An approximately 3-fold increased risk of cerebrovascular adverse events has been seen in randomised placebo controlled trials in the dementia population with some atypical antipsychotics. The mechanism for this increased risk is not known. An increased risk cannot be excluded for other antipsychotics or other patient populations. Quetiapine should be used with caution in patients with risk factors for stroke.
If jaundice develops, quetiapine should be discontinued.
Dysphagia has been reported with quetiapine. Quetiapine should be used with caution in patients at risk for aspiration pneumonia.
Constipation and intestinal obstruction:
Constipation represents a risk factor for intestinal obstruction. Constipation and intestinal obstruction have been reported with quetiapine. This includes fatal reports in patients who are at higher risk of intestinal obstruction, including those that are receiving multiple concomitant medications that decrease intestinal motility and/or may not report symptoms of constipation. Patients with intestinal obstruction/ileus should be managed with close monitoring and urgent care.
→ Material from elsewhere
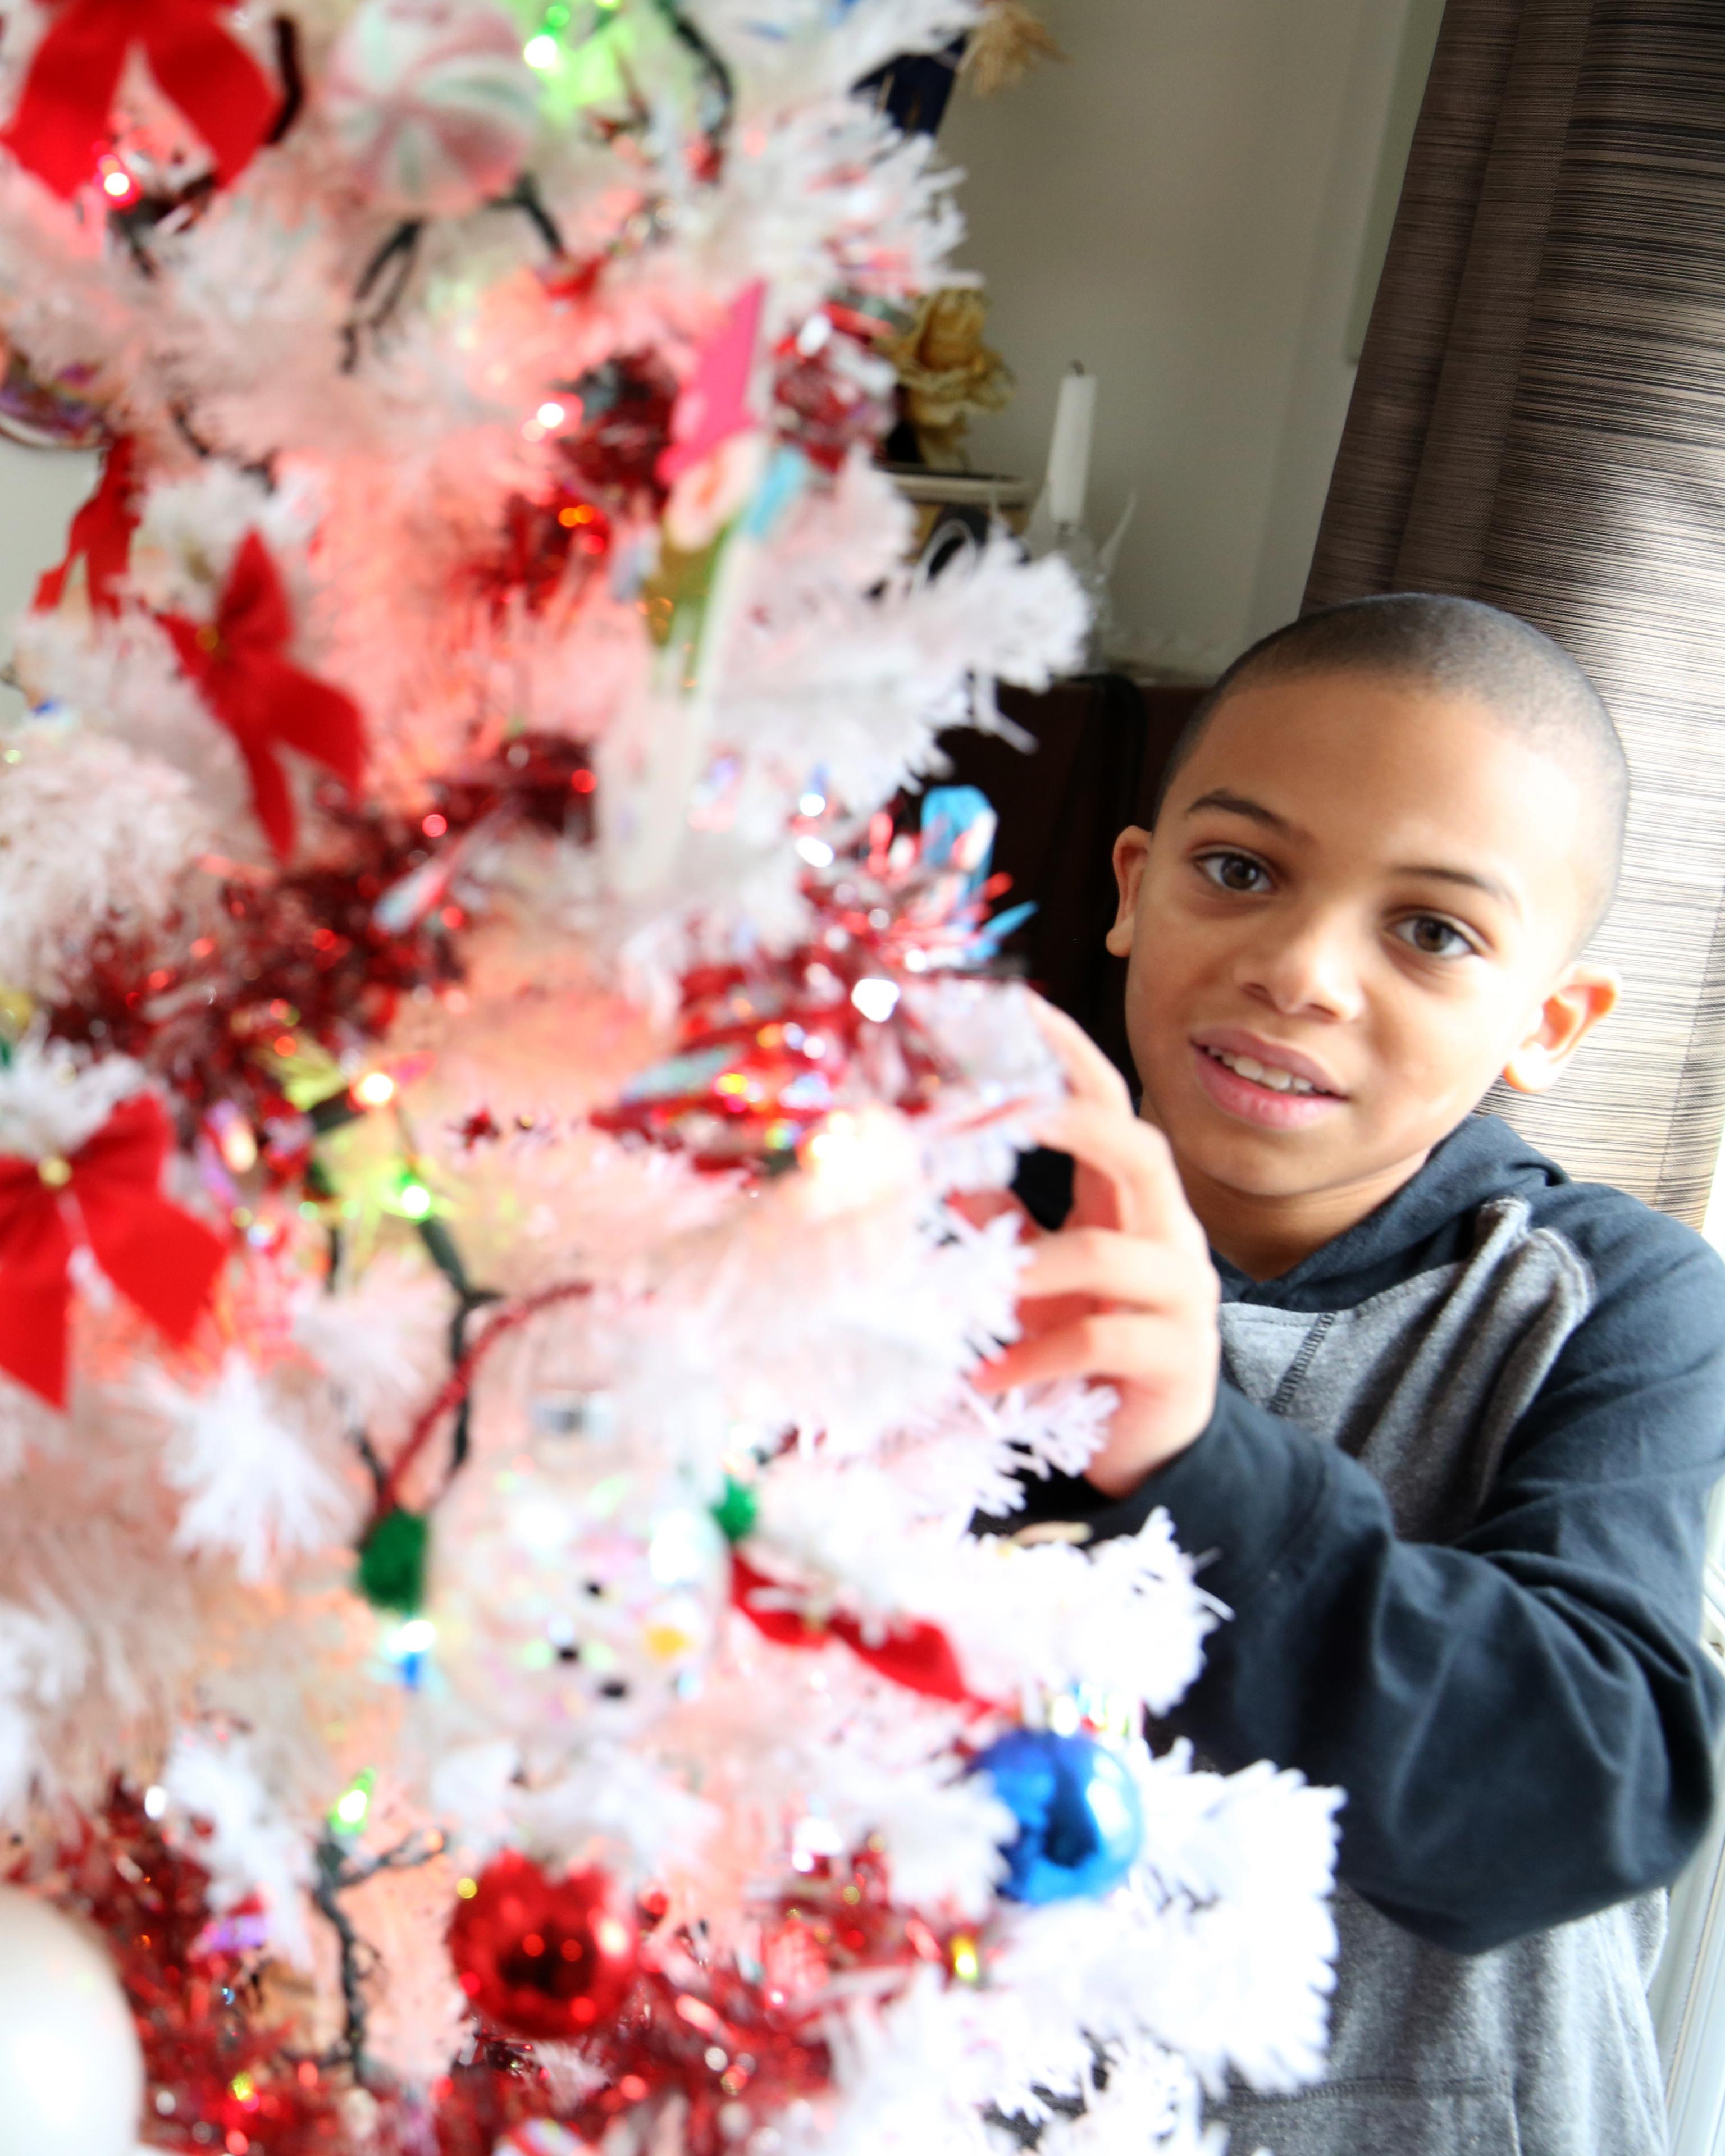 Kids Christmas FY5A9576 - Selfless Elf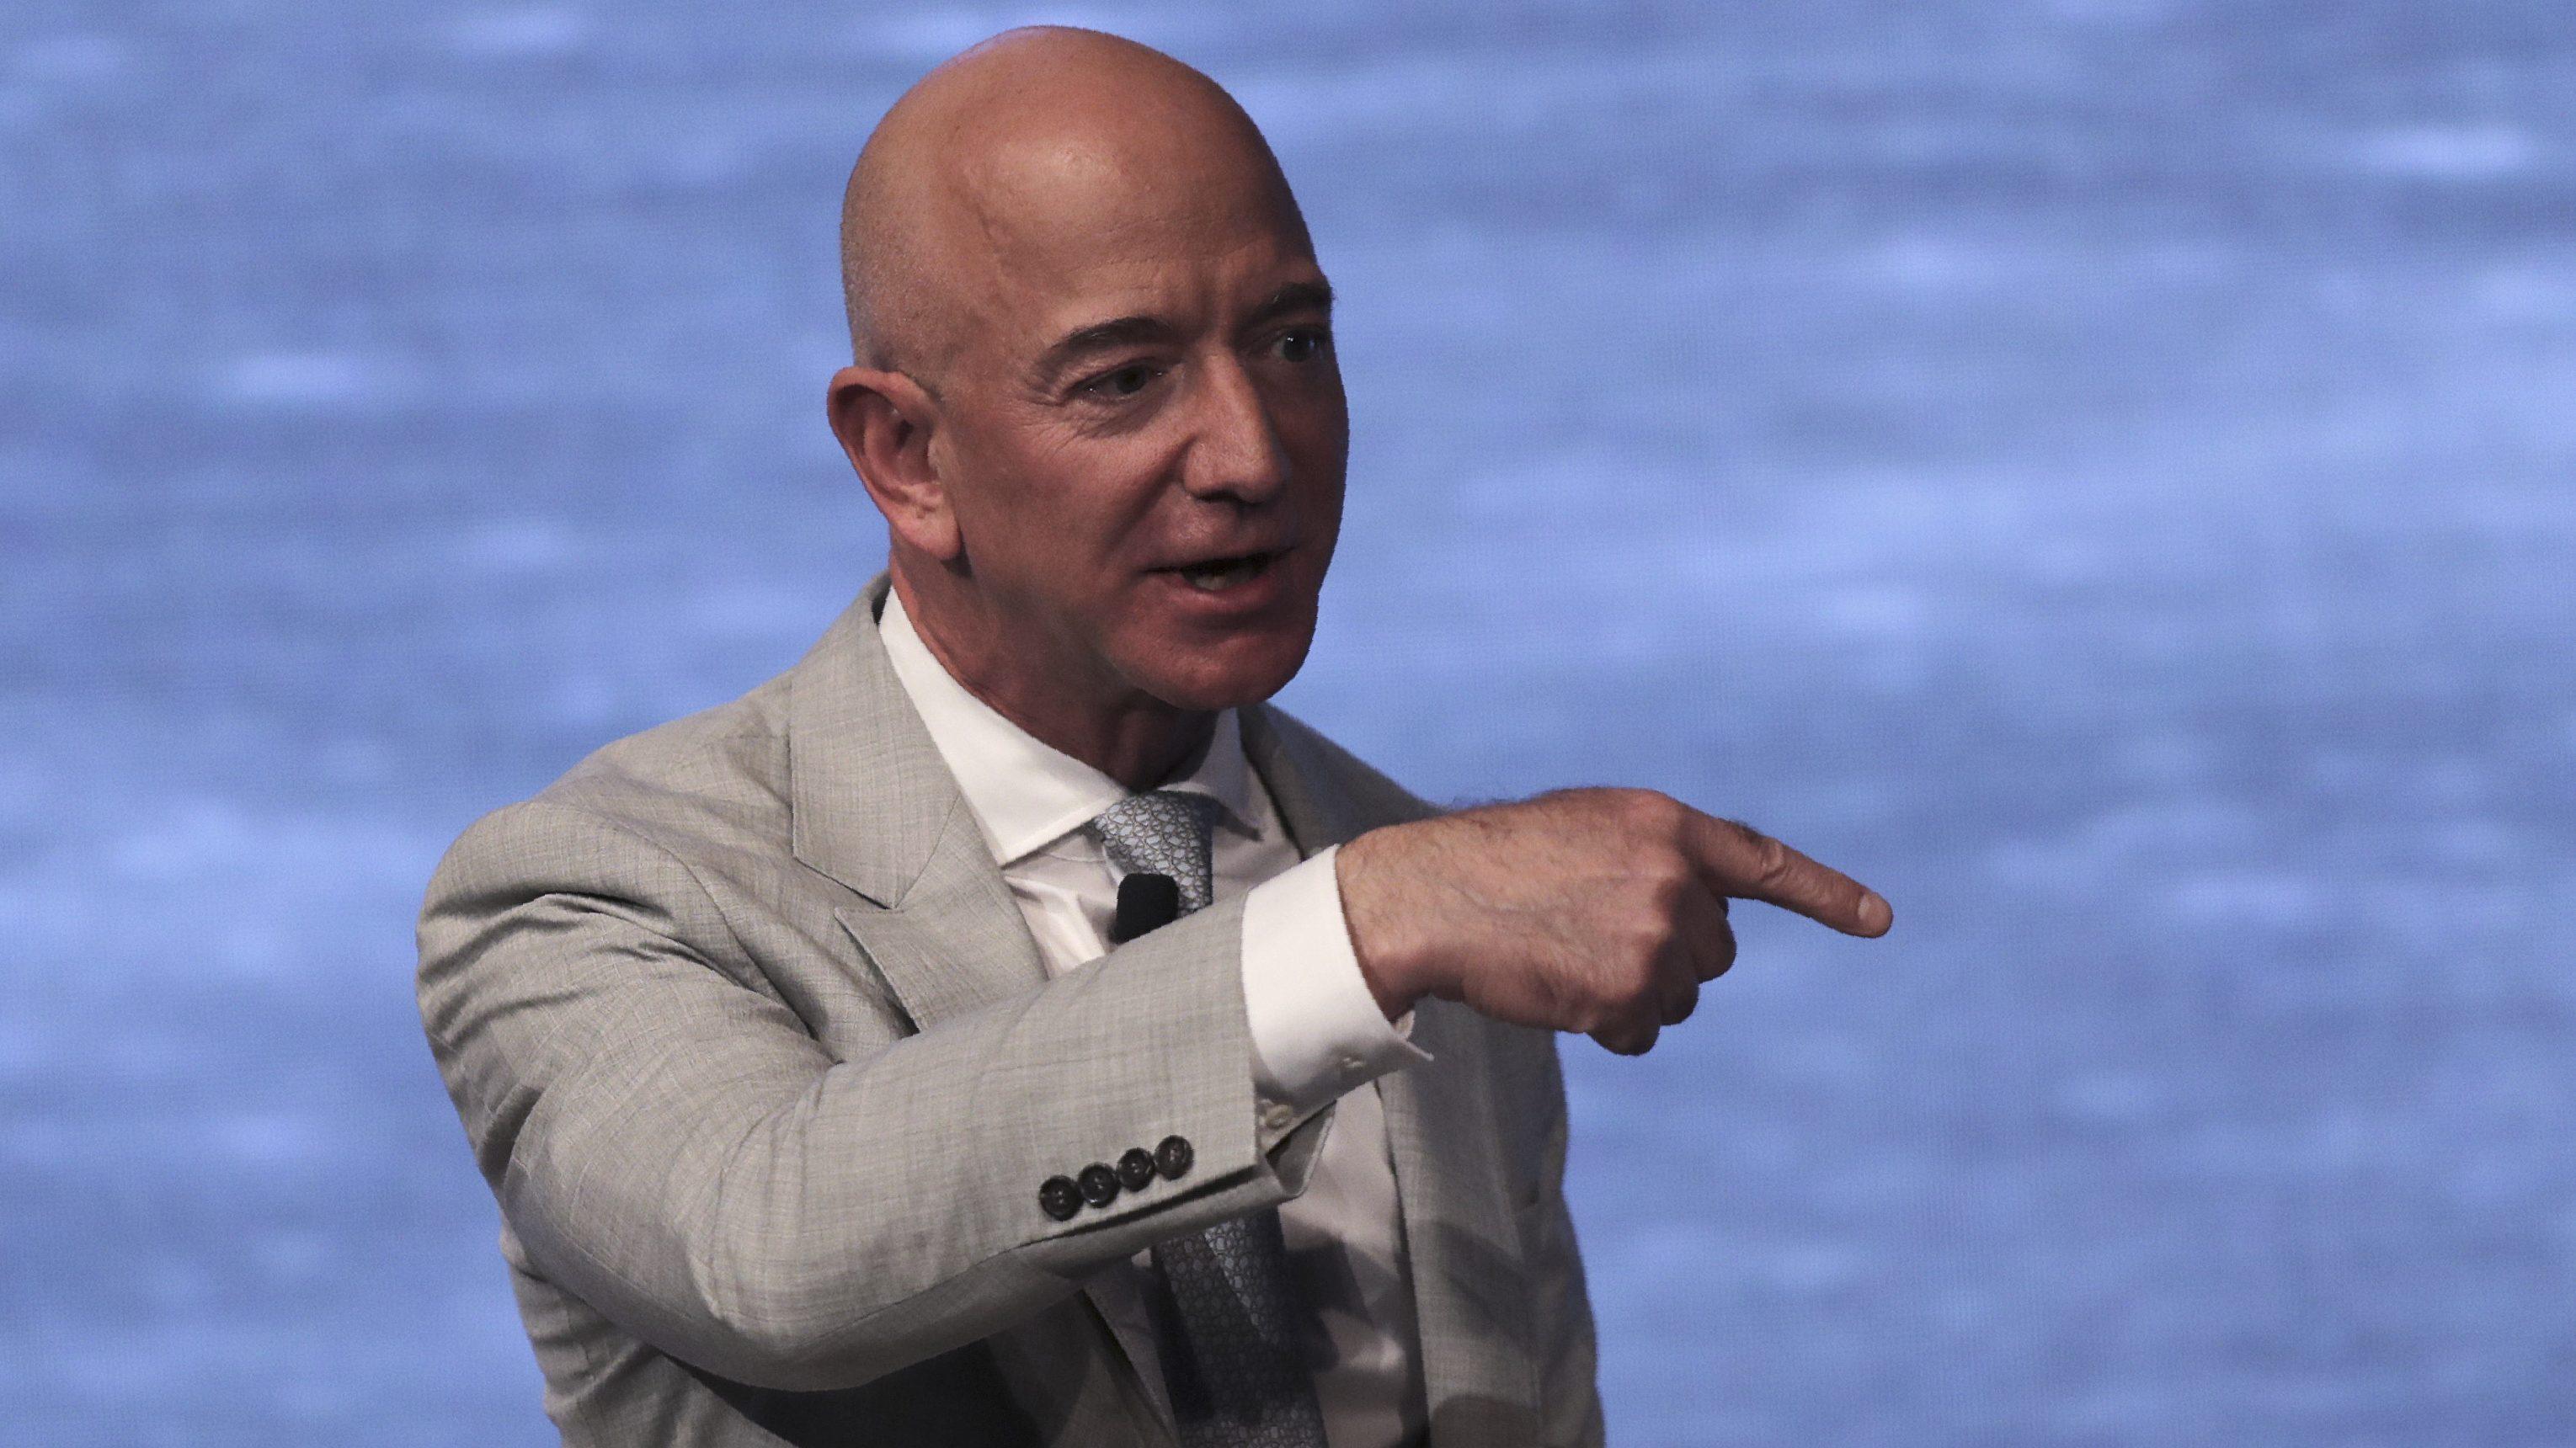 Climate change strikes: Can Jeff Bezos ignore an Amazon employee walkout?

Venous Thromboembolism “VTE”:
Cases of venous thromboembolism “VTE” have been reported with antipsychotic drugs. Since patients treated with antipsychotics often present with acquired risk factors for VTE,
all possible risk factors for VTE should be identified before and during treatment with quetiapine and preventive measures undertaken.
Pancreatitis has been reported in clinical trials and during post marketing experience. Among post marketing reports, while not all cases were confounded by risk factors, many patients had factors which are known to be associated with pancreatitis such as increased triglycerides, gallstones, and alcohol consumption.
Quetiapine tablets contain lactose. Patients with rare hereditary problems of galactose intolerance, the Lapp lactase deficiency, or glucose-galactose malabsorption should not take this medicine.
Quetiapine 25mg, 100mg, 200mg Film Coated Tablets: Carton box containing 1, 2, or 3 (AL/PVC) blisters, each of 10 film coated tablets.